Simple person detection Using Tinker Board and Balena Cloud

Few months ago I wrote a post to extract h264 data from a v380 camera and streamed it over RTSP using rtsp simple server. Recently I coupled that with Asus TinkerBoard and Balena cloud to have the ability for the v380 camera to detect a person in the frame.

To implement this I tried (as much as I could) to use the code that is already available and not to write anything from the scratch. So for the person detection, I used the code from pyimagesearch. To deploy this code, I used balena's debian-python:3.7-build container image.

To stich everything together and pass on the output from the object detection module to the clinet, I used tornado.

I’m yet to post the source code for this demo on github, I’ll do that soon.

How does it work?

There are two parts, the client that runs on a computer/PC and the server that runs on the tinkerboard (you can use other boards also, balena supports a wide range of devices).

We have a python3.7 container running on the tinkerboard which has opencv installed on it.
We have an http server to handle the websocket connections.
We have a program that reads the RTSP stream, applies the person detection algorithm and gets the co-ordinates for the person in the give frame.
We send these detections over the websocket to the client.
The client on the other hand opens a new RTSP connection and reads the stream.
It also connects to the web server running on the tinker board. Over the websocket it receives the detections (co-ordinates for the bounding boxes).
The client then draws those bounding boxes over the video feed that is coming from the RTSP server and displays it.

How to implement it?

Create an application and add devices to it on balena cloud

Login to balena.io
Create a new application
add devices to the application.
Download and write balena os image on an SDcard. In this step you can also configure the wifi network credentials.
Power on the device. Soon after the device powers on, it will connect to your network (ethernet/wifi depending upon what you have configured) and you will be able to see it’s status “connected” on the balena dashboard.
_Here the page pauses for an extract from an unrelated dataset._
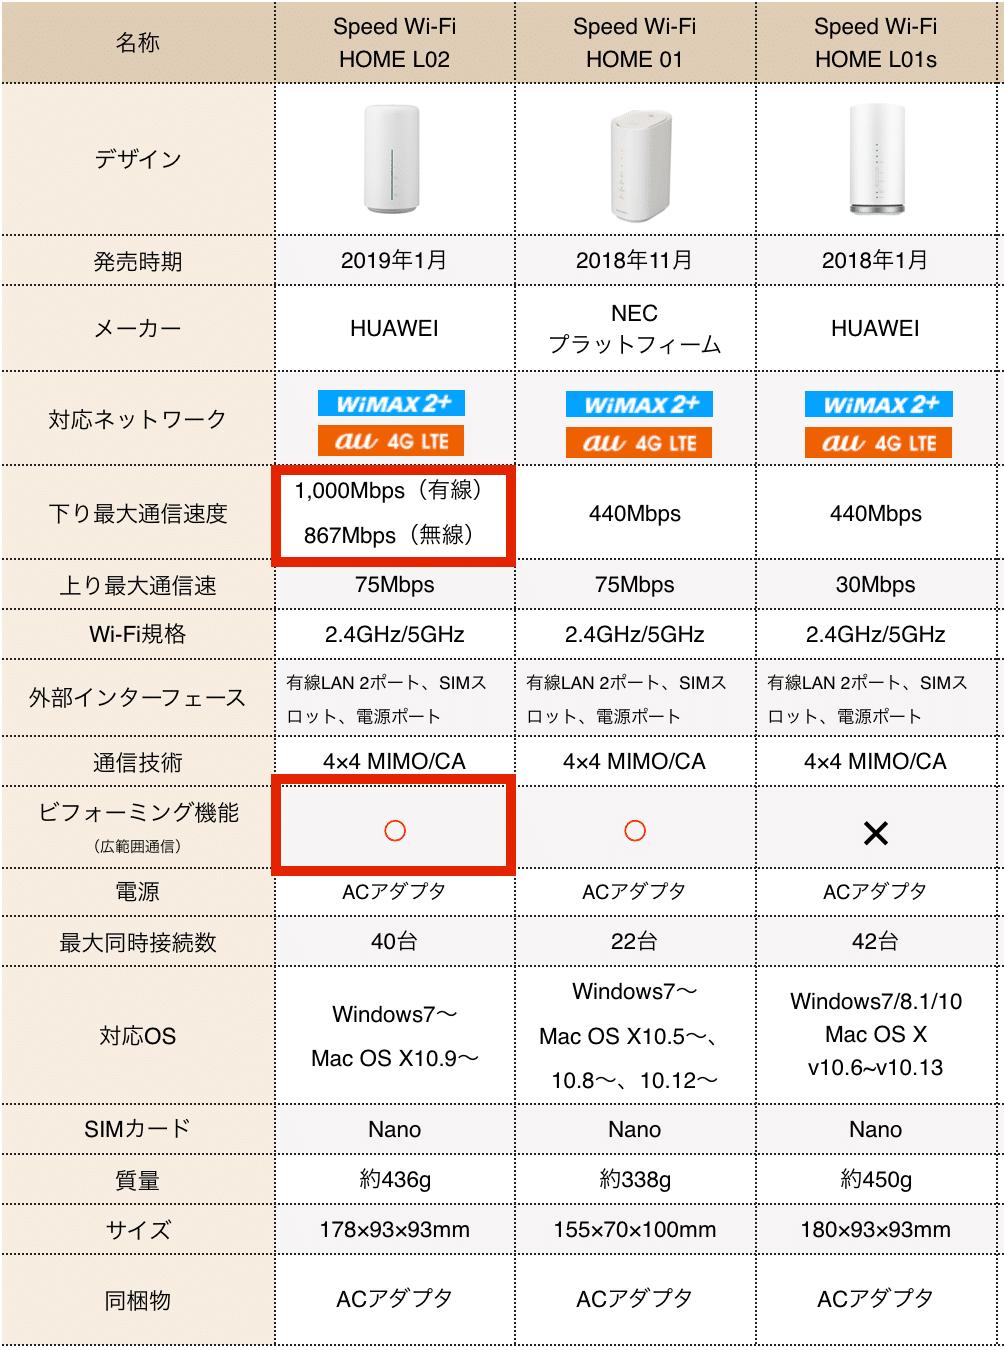 【最新ホームルーター比較】L02・01・L01s

The detailed documentation for doing the above mentioned process is available at balena.io/docs

Just a quick note, you can ssh into both your host os running on the device as well as in a specific container where your application is running.

In order to do that

# to login to an application container
$ balena ssh <device id> <container>
# to login to the host os on the device
$ balena ssh <device id>

The CODE

For this demo, I’ve used tornado instead of flask. The main reason behind using tornado is that it uses non blocking network I/O so it is better for serving the data over websocket.

Web server:

#!python3
import tornado.ioloop
import tornado.web
import tornado.websocket
    
clients = []

# Handle http response for '/'
class MainHandler(tornado.web.RequestHandler):
    def get(self):
        self.write("This is a websocket-server for person detection demo")


# Handle socket connections from device.
# Receive the messages (bounding boxes) fromthe device
# and pass it on to the client for rendering.
class InputWebSocket(tornado.websocket.WebSocketHandler):
    def open(self):
        print("WebSocket opened")

    # Forward the incoming message to all of the clients.
    def on_message(self, message):
        for i in clients:
            i.write_message(message)

    def on_close(self):
        print("WebSocket closed")

# Handle incoming connections from the clinets
class OutWebSocket(tornado.websocket.WebSocketHandler):
    def open(self):
        # Add incoming connection to the client list.
        print("OutWebSocket opened")
        clients.append(self)

    def on_message(self, message):
        pass

    def on_close(self):
        print("WebSocket closed")
        clients.remove(self)


def make_app():
    return tornado.web.Application(
        [
            (r"/", MainHandler),
            (r"/in", InputWebSocket),
            (r"/out", OutWebSocket),
        ]
    )


if __name__ == "__main__":
    app = make_app()
    app.listen(80)
    tornado.ioloop.IOLoop.current().start()

Dockerfile.template:

Dockerfile.template is a special dockerfile file that can be used for many devices. Here is the documentation for that.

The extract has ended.